Director Pavel Cuzuioc was drawn to the subject of assisted dying out of curiosity, he tells Business Doc Europe. He was listening to the radio during a long car journey when he first heard about Spittler’s role in the process.

“I was thinking, how can a person make such a hard decision? Yes or no. I was putting myself into his place and I could never do that,” says the director. “My curiosity was to get to that person and to research, and understand this immense responsibility that he has, and how easy or how hard for him is to decide. He’s not deciding to send someone to their death, but he’s deciding the permission for them to seek an assisted death.”

Spittler agreed to collaborate on the documentary but was concerned that the presence of Cuzuioc and his camera would be too obtrusive during the consultations. As it happened, the bond of trust between Dr Spittler and his patients was strong enough to survive the process of filming.

“They trusted the doctor so much that they said, ‘if you, doctor, trust this filmmaker and this person, why not? I think it’s important to talk about this,’” says Cuzuioc of the patients’ response. “Many people said it’s important to talk about this. So I was always there. I was always present.” 

The director would stay still and, after an hour or so, the subjects would forget he was there, he maintains. “I always work like this, more as an observer. it was important to get to the reality as it is without influencing that reality.”

Cuzuioc could at times sense the ambivalence that Dr Spittler felt in coming to a judgement, despite his always recognising the due legal processes. “The law says that we are allowed to decide our end. So he was respecting the law, respecting the wish of each person, although deep down he was, of course, believing that human beings have an instinct of preserving their own lives,” the director stresses. 

“We have this idea of being German, you know,” Cuzuioc further observes. “It’s like ‘keeping the word, doing things correctly, the law is like this and we follow the law’…but I wanted to show that although he is very straight, there is still ambivalence within him, which means that over the last 30 years, he has been coping with the ideology of ethics, with medicines, with everything. He’s not someone that only sees things in black and white.”

What is contentious and, for Cuzuioc, in need of correction, is how it is possible that two very distinct duties – the assessment of mental suitability to decide on dying, and subsequent assistance during the process of death – can be undertaken by one person. 

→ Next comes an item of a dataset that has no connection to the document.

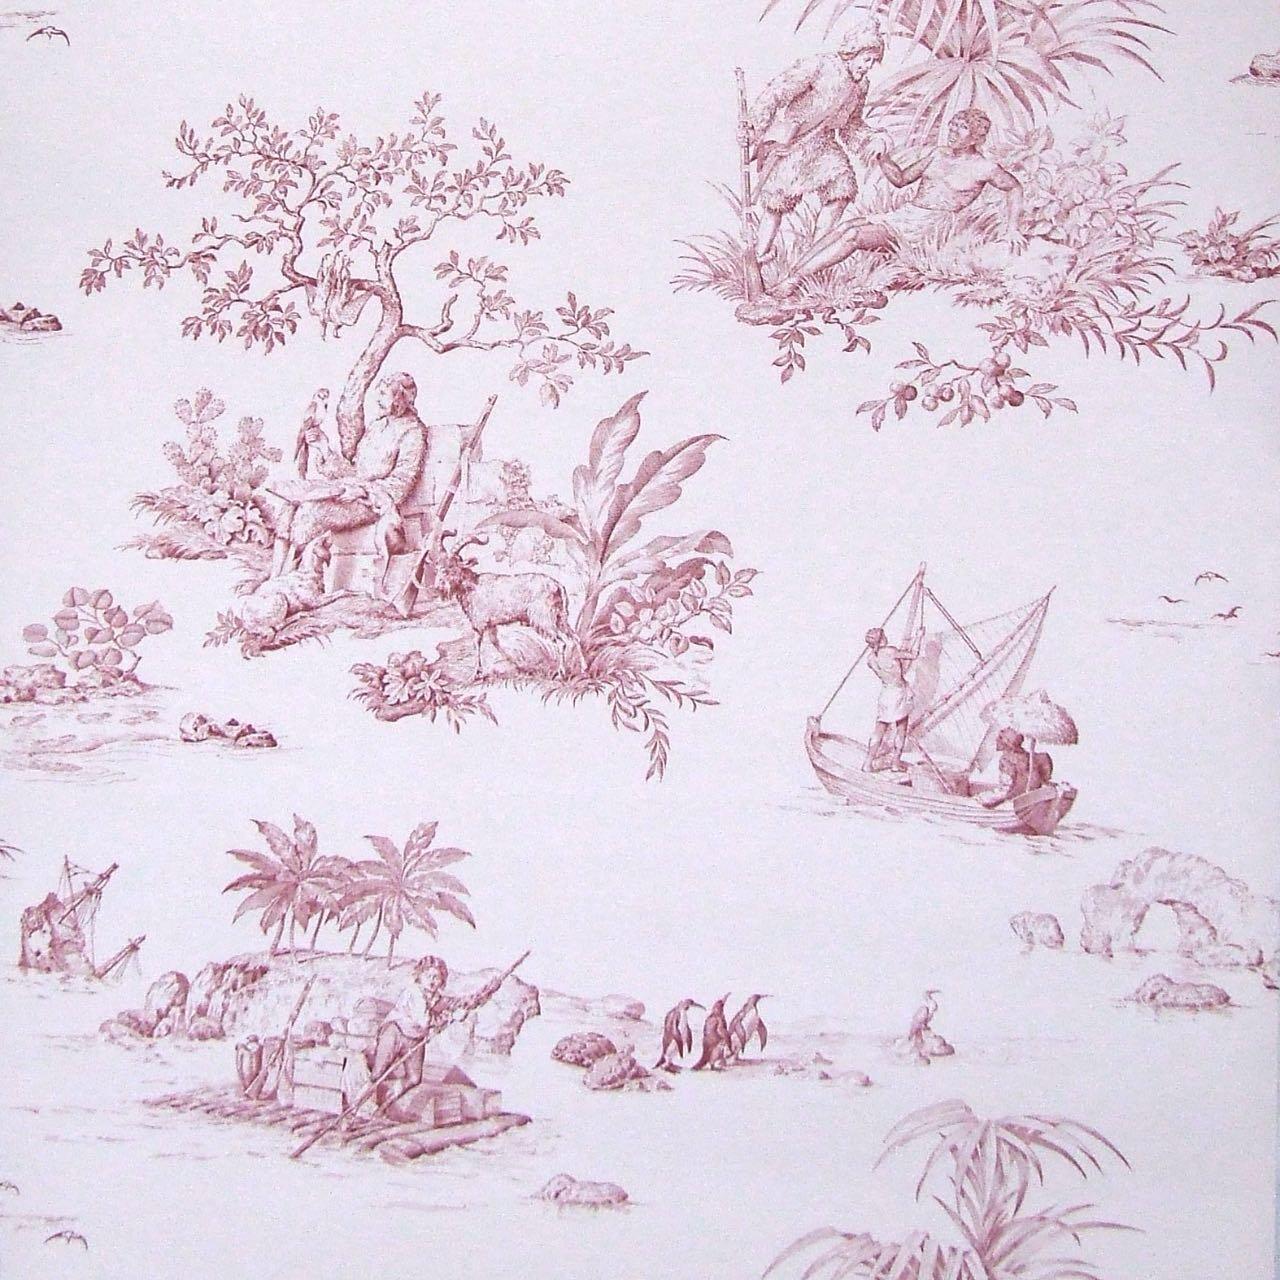 フランス壁紙 1ロール(10m) トワル・ド・ジュイ デザイン 《ロビンソン・クルーソー》 レッド

“Yes, you’re very right. This is something very ambiguous for me, too. But there is some explanation for it,” Cuzuioc reasons. “He’s a neuropsychiatrist who is also a doctor, so he has two jobs. That’s why he’s unique.”

“The bond between him and those people is so strong and based on so much trust that they wanted him to assist,” he continues. “They didn’t want someone from outside to come in and to assist like a stranger. It’s a passive assistance, not active, but it is still a bit of a controversy, and in keeping objectivity I think the law should stipulate those things better in Germany.”

In the film we learn that 87% of Germans support assisted dying. “Many people were present while a relative or someone they know, like a friend, was already assisted. And they saw that they were going so peacefully that they said, ‘when my moment comes, I want to receive that [assistance] too,’” says Cuzuioc.

“My purpose at the beginning was to explore a domain that was for me unknown. Now I know more, and I’m convinced that this right of getting assisted is something every person should have. It’s not the state – or the law – that should forbid you that,” he signs off.